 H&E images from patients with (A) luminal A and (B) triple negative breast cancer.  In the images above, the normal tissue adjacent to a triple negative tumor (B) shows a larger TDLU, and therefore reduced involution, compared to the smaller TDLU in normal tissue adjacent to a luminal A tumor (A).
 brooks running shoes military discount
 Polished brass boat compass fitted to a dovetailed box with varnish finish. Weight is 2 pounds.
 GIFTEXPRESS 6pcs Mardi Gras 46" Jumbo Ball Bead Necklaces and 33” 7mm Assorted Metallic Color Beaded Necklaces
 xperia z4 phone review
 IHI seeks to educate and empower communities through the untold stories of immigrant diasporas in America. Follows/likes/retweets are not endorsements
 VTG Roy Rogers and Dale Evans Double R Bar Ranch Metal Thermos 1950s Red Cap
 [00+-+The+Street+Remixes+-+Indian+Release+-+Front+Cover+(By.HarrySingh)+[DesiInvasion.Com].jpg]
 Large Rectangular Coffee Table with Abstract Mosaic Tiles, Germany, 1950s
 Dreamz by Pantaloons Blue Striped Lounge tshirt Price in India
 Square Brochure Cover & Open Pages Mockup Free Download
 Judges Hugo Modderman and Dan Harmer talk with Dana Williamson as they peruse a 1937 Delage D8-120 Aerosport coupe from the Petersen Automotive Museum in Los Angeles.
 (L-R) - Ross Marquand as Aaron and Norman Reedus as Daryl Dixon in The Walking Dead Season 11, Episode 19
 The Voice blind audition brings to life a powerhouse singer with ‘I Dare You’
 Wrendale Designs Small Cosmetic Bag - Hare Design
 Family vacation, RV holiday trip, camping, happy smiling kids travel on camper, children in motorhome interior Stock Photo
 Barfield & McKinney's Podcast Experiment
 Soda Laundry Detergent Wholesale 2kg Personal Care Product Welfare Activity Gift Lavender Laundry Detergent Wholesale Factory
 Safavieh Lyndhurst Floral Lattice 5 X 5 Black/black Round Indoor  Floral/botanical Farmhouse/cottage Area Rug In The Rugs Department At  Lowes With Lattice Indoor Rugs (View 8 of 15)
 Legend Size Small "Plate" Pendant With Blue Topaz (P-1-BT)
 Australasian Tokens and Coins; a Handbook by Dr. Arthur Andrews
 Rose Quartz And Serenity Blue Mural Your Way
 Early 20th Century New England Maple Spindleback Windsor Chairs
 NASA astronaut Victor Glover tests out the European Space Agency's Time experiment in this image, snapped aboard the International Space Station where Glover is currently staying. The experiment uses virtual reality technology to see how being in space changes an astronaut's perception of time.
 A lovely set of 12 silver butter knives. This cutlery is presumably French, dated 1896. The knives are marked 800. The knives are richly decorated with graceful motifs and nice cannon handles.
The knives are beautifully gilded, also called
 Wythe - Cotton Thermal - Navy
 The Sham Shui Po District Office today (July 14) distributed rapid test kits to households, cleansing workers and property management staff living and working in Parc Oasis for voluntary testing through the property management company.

━━━━━━

WHAT NEEDS TO BE DONE: Copy the listing word for word, leaving nothing out.

RESULT:
 H&E images from patients with (A) luminal A and (B) triple negative breast cancer.  In the images above, the normal tissue adjacent to a triple negative tumor (B) shows a larger TDLU, and therefore reduced involution, compared to the smaller TDLU in normal tissue adjacent to a luminal A tumor (A).
 brooks running shoes military discount
 Polished brass boat compass fitted to a dovetailed box with varnish finish. Weight is 2 pounds.
 GIFTEXPRESS 6pcs Mardi Gras 46" Jumbo Ball Bead Necklaces and 33” 7mm Assorted Metallic Color Beaded Necklaces
 xperia z4 phone review
 IHI seeks to educate and empower communities through the untold stories of immigrant diasporas in America. Follows/likes/retweets are not endorsements
 VTG Roy Rogers and Dale Evans Double R Bar Ranch Metal Thermos 1950s Red Cap
 [00+-+The+Street+Remixes+-+Indian+Release+-+Front+Cover+(By.HarrySingh)+[DesiInvasion.Com].jpg]
 Large Rectangular Coffee Table with Abstract Mosaic Tiles, Germany, 1950s
 Dreamz by Pantaloons Blue Striped Lounge tshirt Price in India
 Square Brochure Cover & Open Pages Mockup Free Download
 Judges Hugo Modderman and Dan Harmer talk with Dana Williamson as they peruse a 1937 Delage D8-120 Aerosport coupe from the Petersen Automotive Museum in Los Angeles.
 (L-R) - Ross Marquand as Aaron and Norman Reedus as Daryl Dixon in The Walking Dead Season 11, Episode 19
 The Voice blind audition brings to life a powerhouse singer with ‘I Dare You’
 Wrendale Designs Small Cosmetic Bag - Hare Design
 Family vacation, RV holiday trip, camping, happy smiling kids travel on camper, children in motorhome interior Stock Photo
 Barfield & McKinney's Podcast Experiment
 Soda Laundry Detergent Wholesale 2kg Personal Care Product Welfare Activity Gift Lavender Laundry Detergent Wholesale Factory
 Safavieh Lyndhurst Floral Lattice 5 X 5 Black/black Round Indoor  Floral/botanical Farmhouse/cottage Area Rug In The Rugs Department At  Lowes With Lattice Indoor Rugs (View 8 of 15)
 Legend Size Small "Plate" Pendant With Blue Topaz (P-1-BT)
 Australasian Tokens and Coins; a Handbook by Dr. Arthur Andrews
 Rose Quartz And Serenity Blue Mural Your Way
 Early 20th Century New England Maple Spindleback Windsor Chairs
 NASA astronaut Victor Glover tests out the European Space Agency's Time experiment in this image, snapped aboard the International Space Station where Glover is currently staying. The experiment uses virtual reality technology to see how being in space changes an astronaut's perception of time.
 A lovely set of 12 silver butter knives. This cutlery is presumably French, dated 1896. The knives are marked 800. The knives are richly decorated with graceful motifs and nice cannon handles.
The knives are beautifully gilded, also called
 Wythe - Cotton Thermal - Navy
 The Sham Shui Po District Office today (July 14) distributed rapid test kits to households, cleansing workers and property management staff living and working in Parc Oasis for voluntary testing through the property management company.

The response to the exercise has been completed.